> **DIRECTIONS FOR THIS TASK**
Begin at the line that contains "Primary image: shown upholstered with" and reproduce it along with every line after it to the end of the listing; skip any pictures.

> **PROVIDED DATA**
_ _ _ _
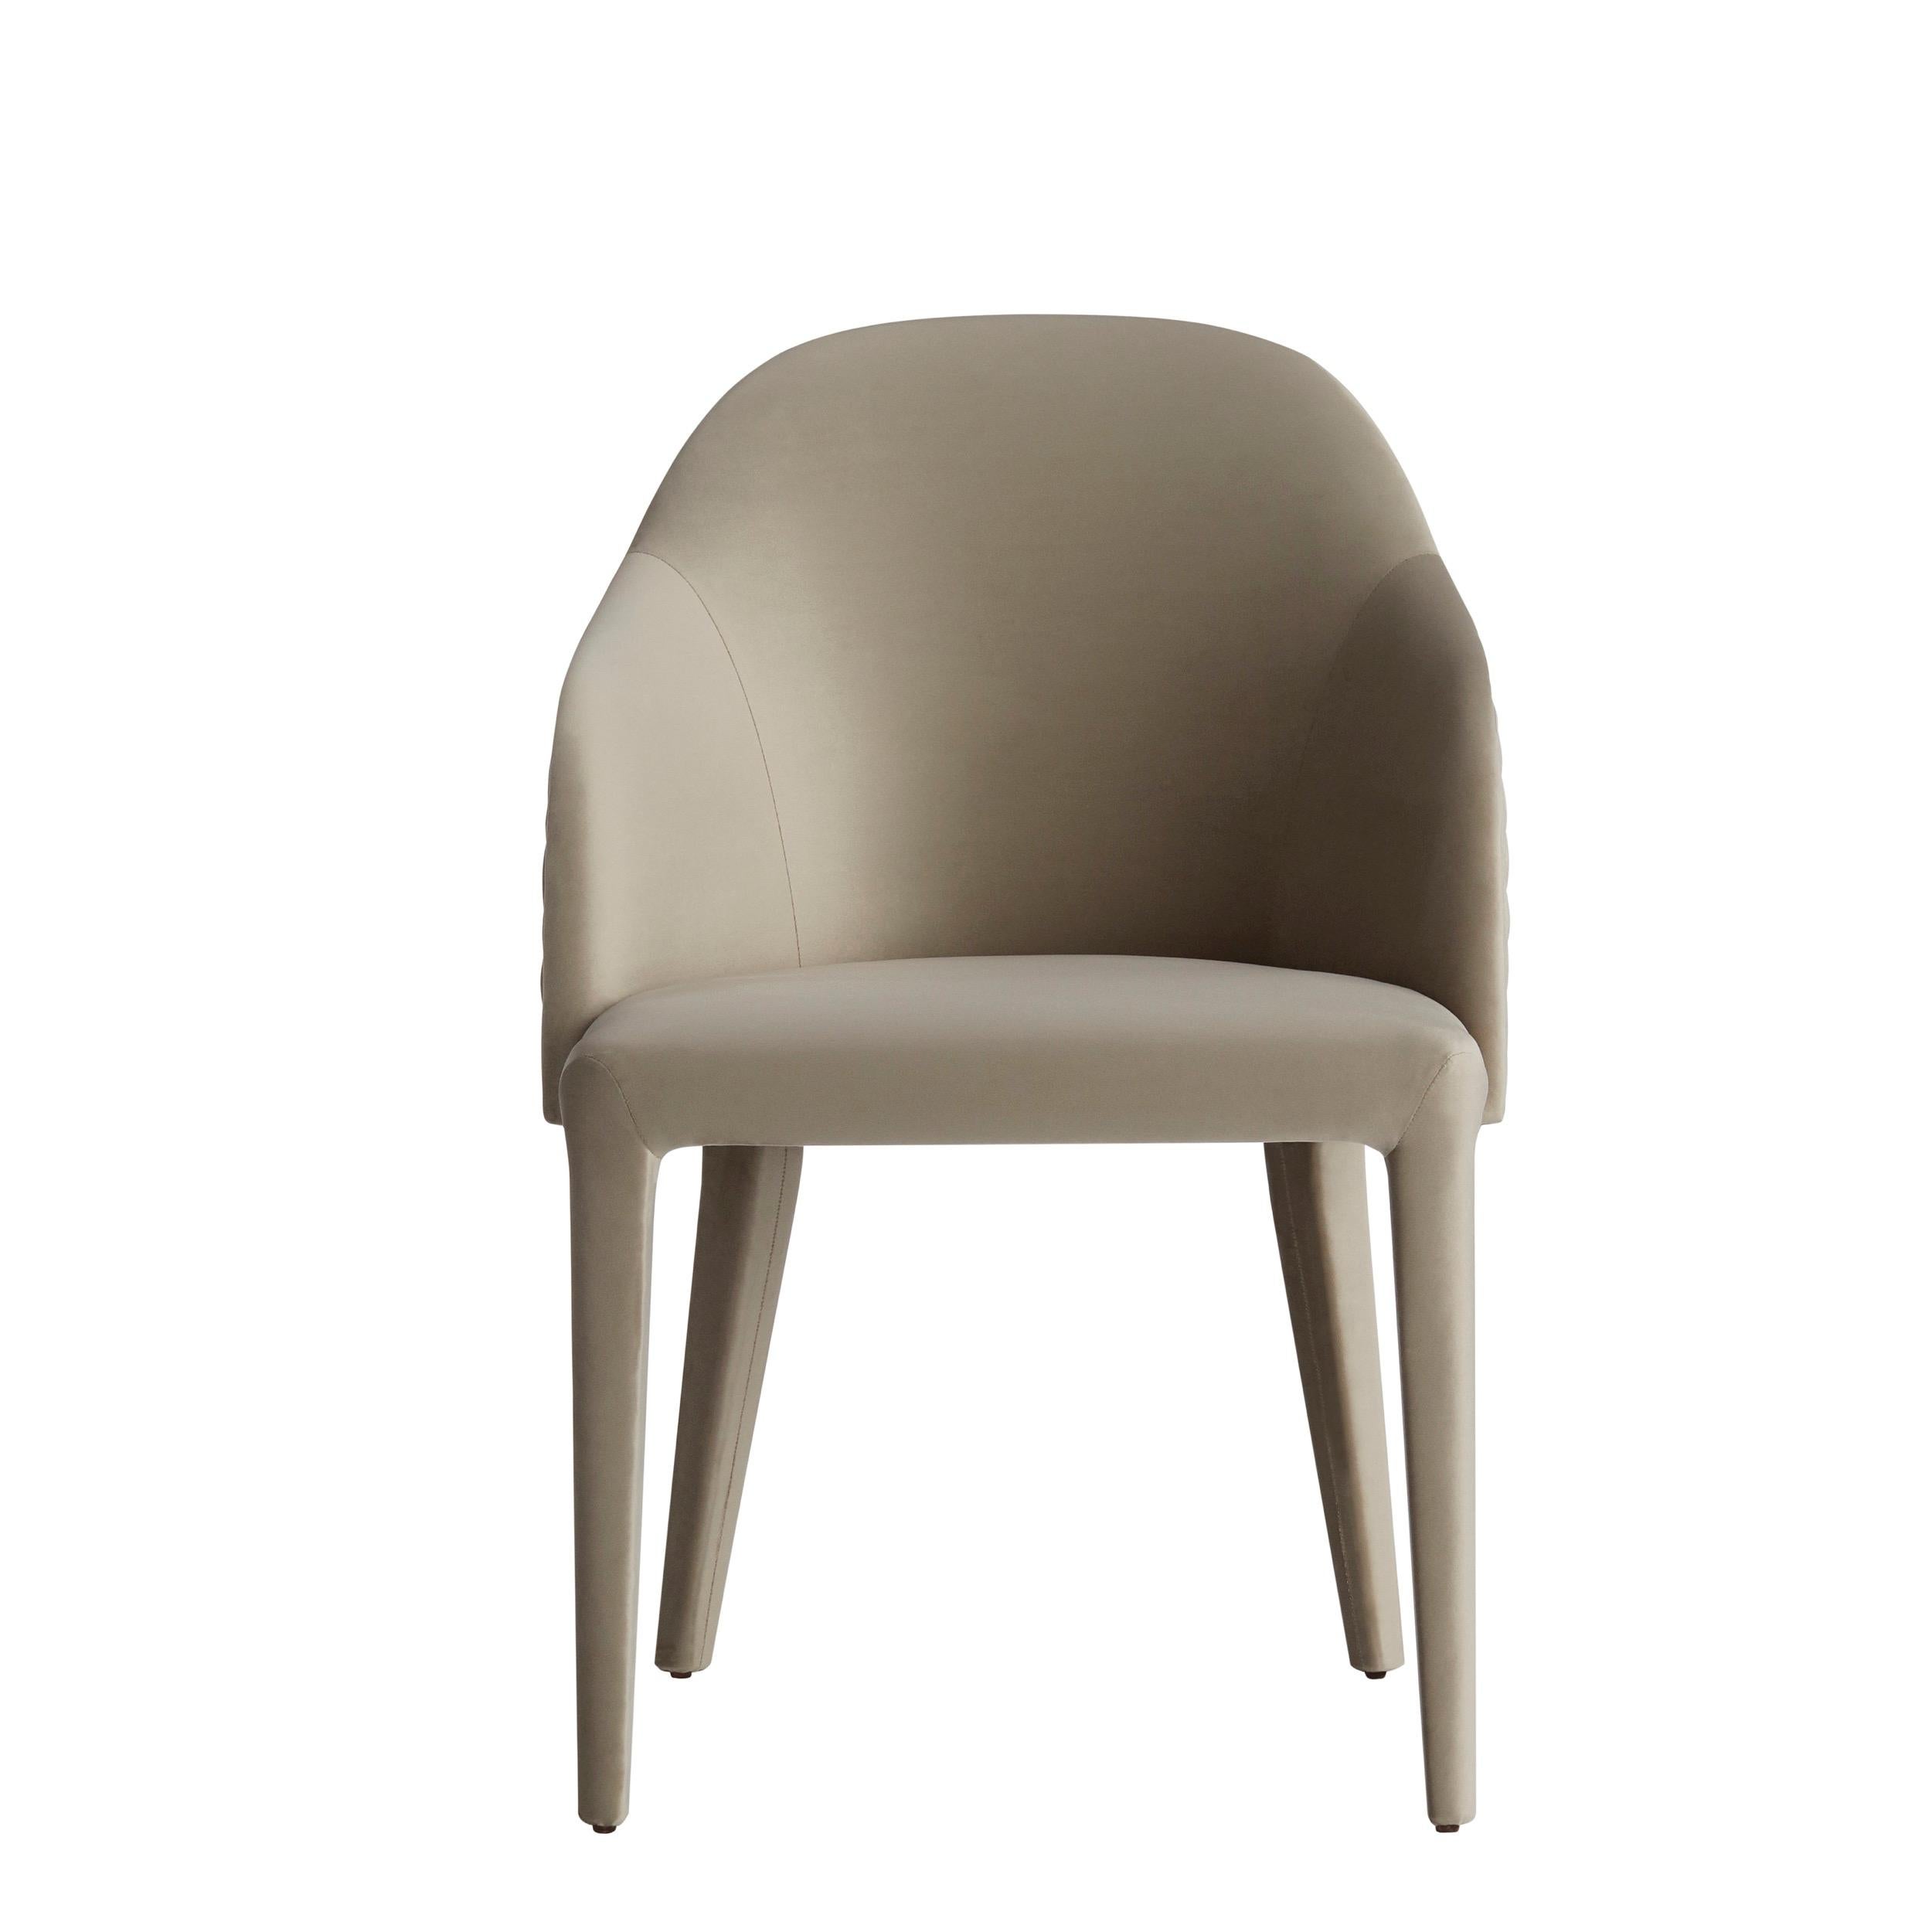 Rowling is a chair entirely upholstered in fabric, equipped with an enveloping backrest that in the back has an elegant diamond quilting.‎ This chair is also available in leather, eco-leather or COM.‎

Primary image: shown upholstered with
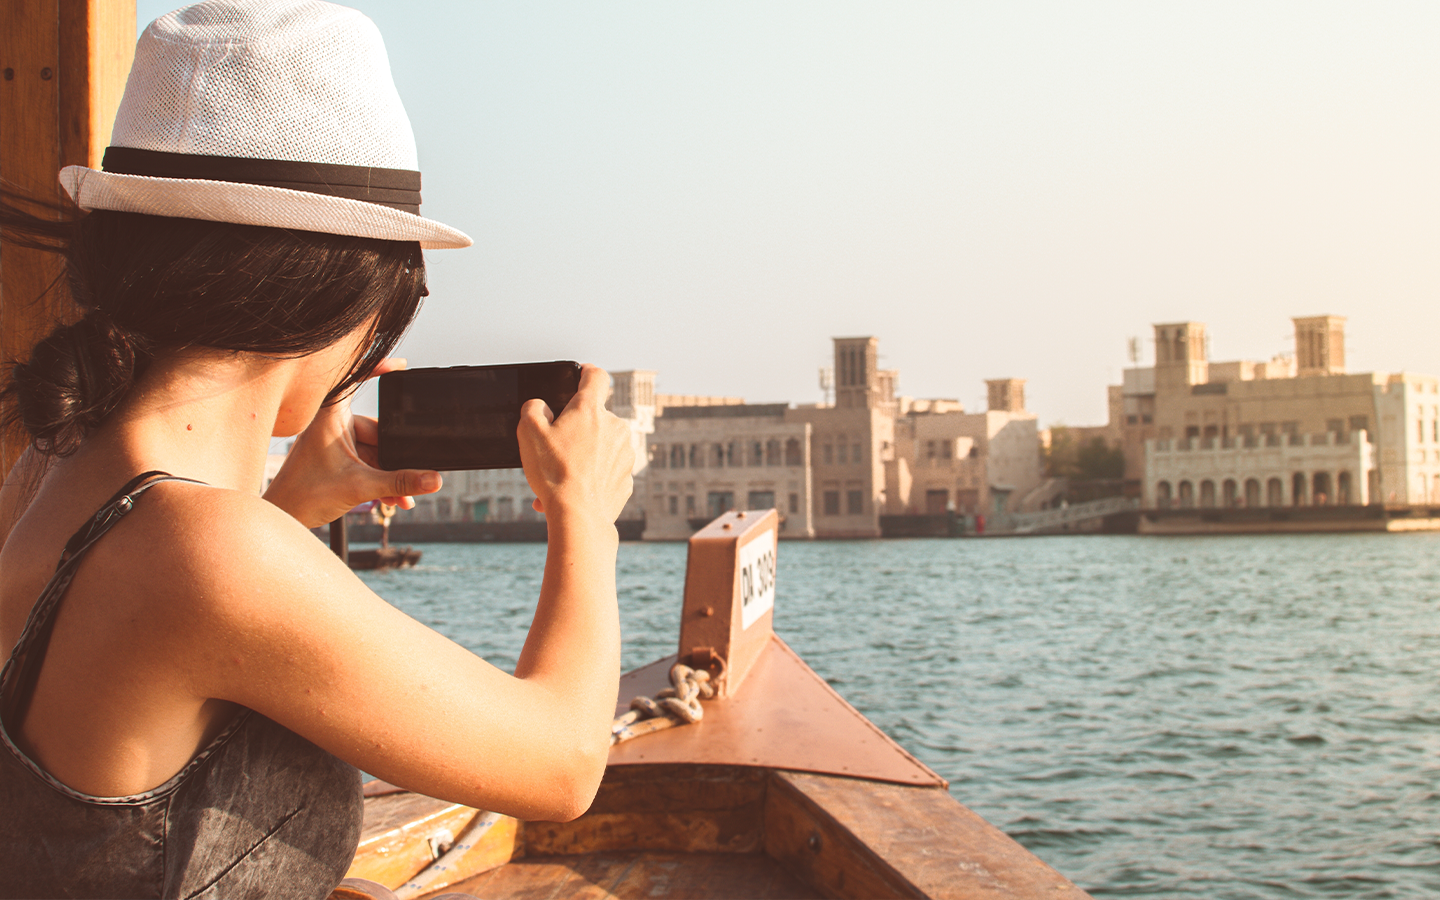 RTA marine transport regulations abstain users from taking photos or videos on stations
_ _ _ _
> **TASK RESPONSE**
Primary image: shown upholstered with
 RTA marine transport regulations abstain users from taking photos or videos on stations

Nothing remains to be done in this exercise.